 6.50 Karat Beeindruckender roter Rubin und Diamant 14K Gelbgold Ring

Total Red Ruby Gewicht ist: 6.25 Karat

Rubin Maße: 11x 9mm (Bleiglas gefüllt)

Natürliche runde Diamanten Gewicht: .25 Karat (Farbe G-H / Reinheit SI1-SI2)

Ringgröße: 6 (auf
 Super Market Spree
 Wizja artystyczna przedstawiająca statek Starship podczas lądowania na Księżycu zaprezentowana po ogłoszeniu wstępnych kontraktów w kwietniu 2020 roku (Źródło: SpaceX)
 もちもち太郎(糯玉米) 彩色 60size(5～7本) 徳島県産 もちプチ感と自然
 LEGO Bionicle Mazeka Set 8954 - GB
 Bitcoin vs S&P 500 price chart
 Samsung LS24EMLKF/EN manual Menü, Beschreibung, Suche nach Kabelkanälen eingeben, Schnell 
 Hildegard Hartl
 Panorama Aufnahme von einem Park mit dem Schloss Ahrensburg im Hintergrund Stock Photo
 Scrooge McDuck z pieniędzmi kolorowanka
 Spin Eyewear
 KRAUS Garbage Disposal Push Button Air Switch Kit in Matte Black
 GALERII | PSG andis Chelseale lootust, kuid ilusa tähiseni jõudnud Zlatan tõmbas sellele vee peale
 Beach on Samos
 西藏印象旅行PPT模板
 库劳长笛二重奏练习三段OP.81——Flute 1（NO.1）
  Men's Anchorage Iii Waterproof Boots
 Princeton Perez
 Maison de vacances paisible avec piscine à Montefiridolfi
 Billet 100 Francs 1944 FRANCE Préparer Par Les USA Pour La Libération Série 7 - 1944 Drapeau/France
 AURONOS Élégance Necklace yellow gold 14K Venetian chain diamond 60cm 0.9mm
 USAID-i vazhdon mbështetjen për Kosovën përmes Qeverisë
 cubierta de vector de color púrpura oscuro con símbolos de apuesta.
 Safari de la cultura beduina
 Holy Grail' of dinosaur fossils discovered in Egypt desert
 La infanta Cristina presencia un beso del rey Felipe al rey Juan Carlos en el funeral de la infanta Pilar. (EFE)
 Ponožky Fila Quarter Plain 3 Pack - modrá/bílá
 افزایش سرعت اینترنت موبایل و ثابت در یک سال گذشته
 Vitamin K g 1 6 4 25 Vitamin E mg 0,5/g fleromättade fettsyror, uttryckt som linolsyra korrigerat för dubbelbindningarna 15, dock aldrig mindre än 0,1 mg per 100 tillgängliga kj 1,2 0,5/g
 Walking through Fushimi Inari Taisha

#####

▶ **Activity**: Gather and copy every line of the data in which the string "Gewicht" is found.

▶ **Task answer**:
Total Red Ruby Gewicht ist: 6.25 Karat
Natürliche runde Diamanten Gewicht: .25 Karat (Farbe G-H / Reinheit SI1-SI2)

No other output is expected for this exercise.